Sections of that the Criminal Law (Procedure) Act states “Where before the discharge of an accused person, Sections 66 and 67 have not been complied with, and the DPP, if after the receipt of (certain) documents and things, is of the opinion that the evidence given on behalf of the prosecution had established a prima facie case against the accused, the DPP may remit those documents and things to the Magistrate with directions to reopen the inquiry and comply with Sections 66 and 67 and may give such further directions as he (the DPP) may think proper.
“After complying with the orders given by the DPP…the Magistrate may either commit the accused for trial or he may adjourn the inquiry and subject to any directions on the matter given by the DPP forthwith notify the DPP who shall give further directions as he may deem fit and if of the opinion that a sufficient case has been made out for the accused to answer, may direct the Magistrate to commit the accused for trial. “
Additionally, this newspaper understands that at this point (after the discharge) if the DPP wants to challenge the actions of the Magistrate, she must move to the High Court to have the discharge order quashed.
Should the DPP succeed in the High Court then steps should be taken for the accused to be rearrested.
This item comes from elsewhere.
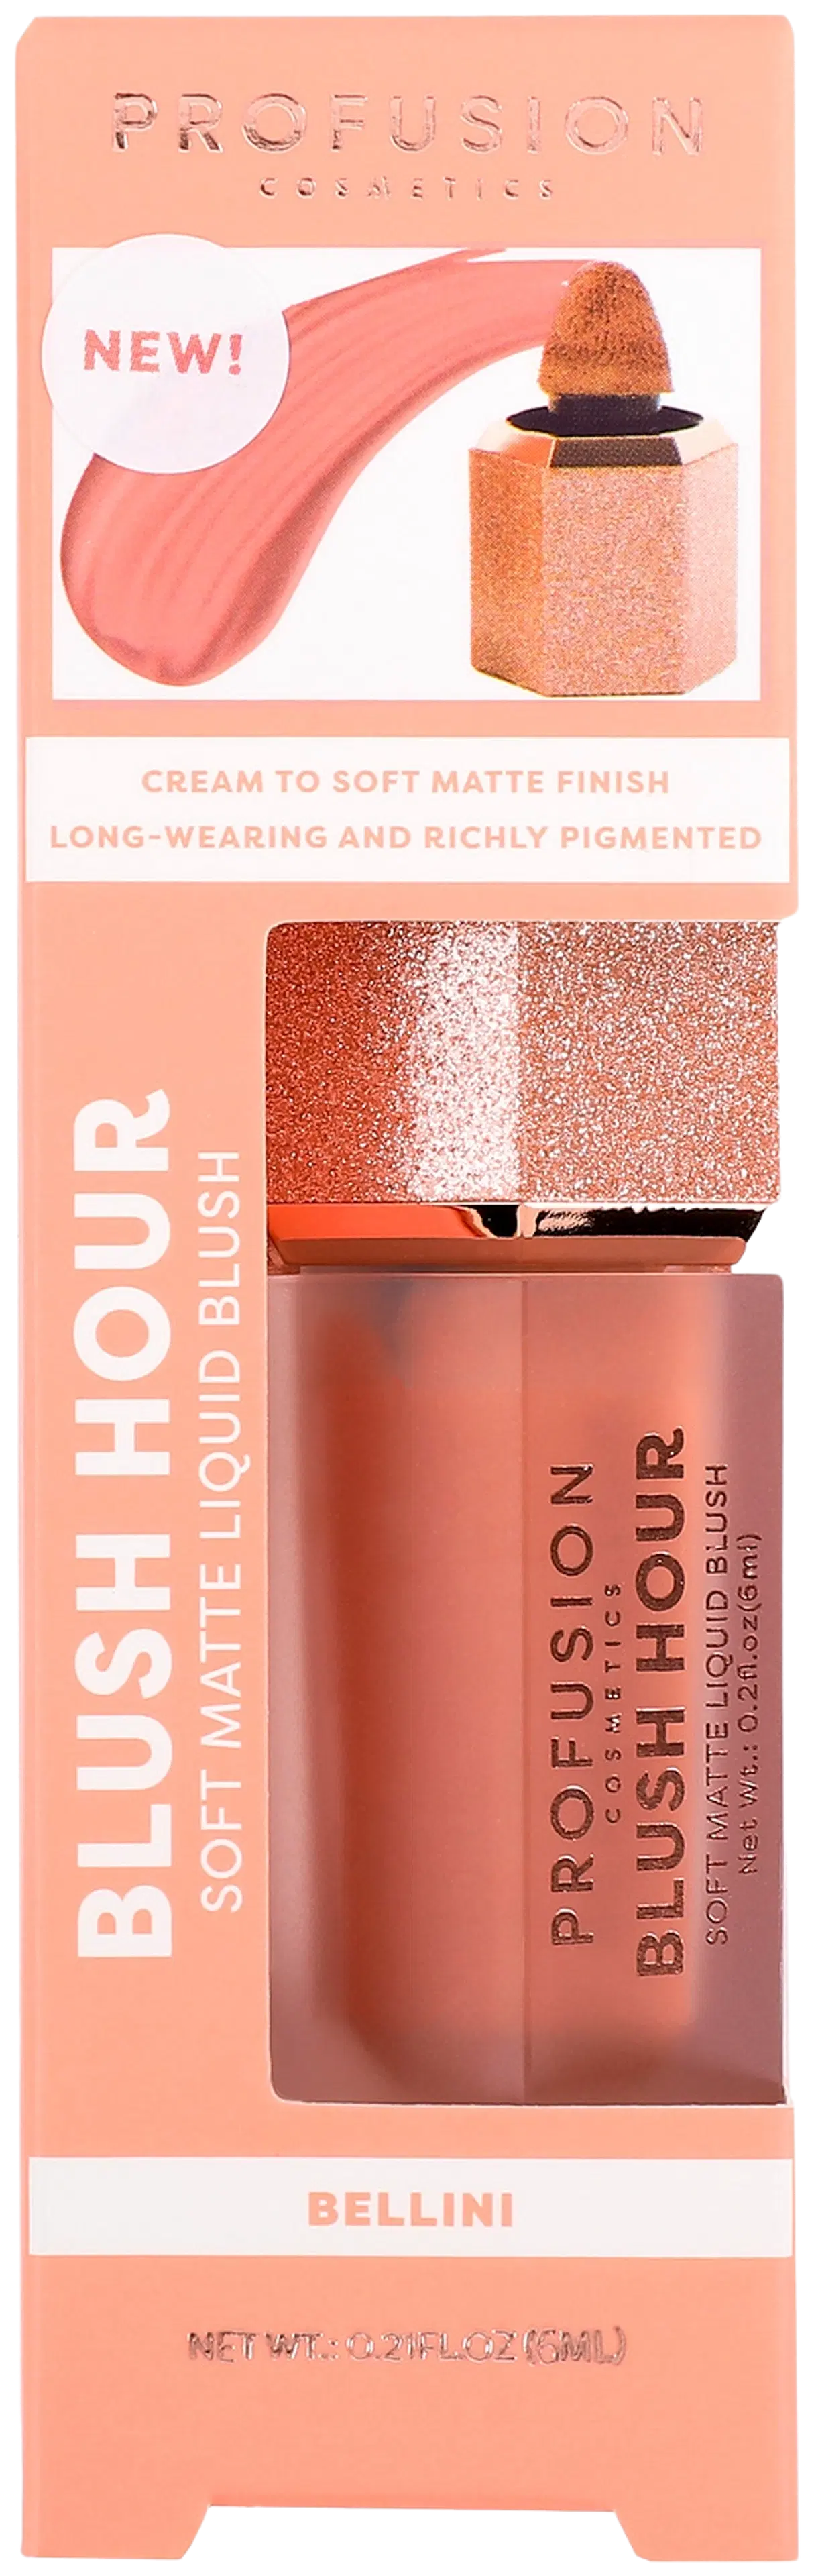 Profusion Cosmetics Blush Hour Soft Matte Liquid Blush nestemäinen poskipuna 6 ml

When the accused faces the Magistrate again and she is still mindful to discharge him and the DPP is adamant that he should be committed then the Attorney representing the accused may also move to the High Court to challenge the DPP’s order.
The release of Rodrigues comes almost two days after Magistrate Judy Latchman discharged him on the murder charge. It happened for the second time this past week.
Magistrate Latchman maintained that there was insufficient evidence against him to stand trial at the High Court for the capital offence.
In her ruling, the Magistrate pointed out that while the court was satisfied that Crum-Ewing was shot with a gun retrieved from a house at Riverview, Ruimveldt, which was occupied by Rodrigues. There was no evidence that Rodrigues “used the gun, pulled the trigger and shot Crum-Ewing.”
Magistrate Latchman said that she believed that Crum–Ewing died as a result of haemorrhage and shock due to multiple gunshot wounds as testified by Government Pathologist Dr. Nehaul Singh, who revealed that Crum-Ewing received five gunshot wounds – one of which was at close range.
In relation to 14 oral statements given to police by Rodrigues, the Magistrate ruled that they did not implicate him in the murder.
The same Magistrate had also discharged the murder charge against Rodrigues on September 14, 2016 at the end of a Preliminary Inquiry as a result of insufficient evidence.
However, last March, the DPP ordered that the matter be reopened for the taking of further evidence from police witnesses and to rule on the voluntariness of all oral statements made by Rodrigues.
As a result, Rodrigues was arrested on Good Friday and was taken before Magistrate Latchman on April 18.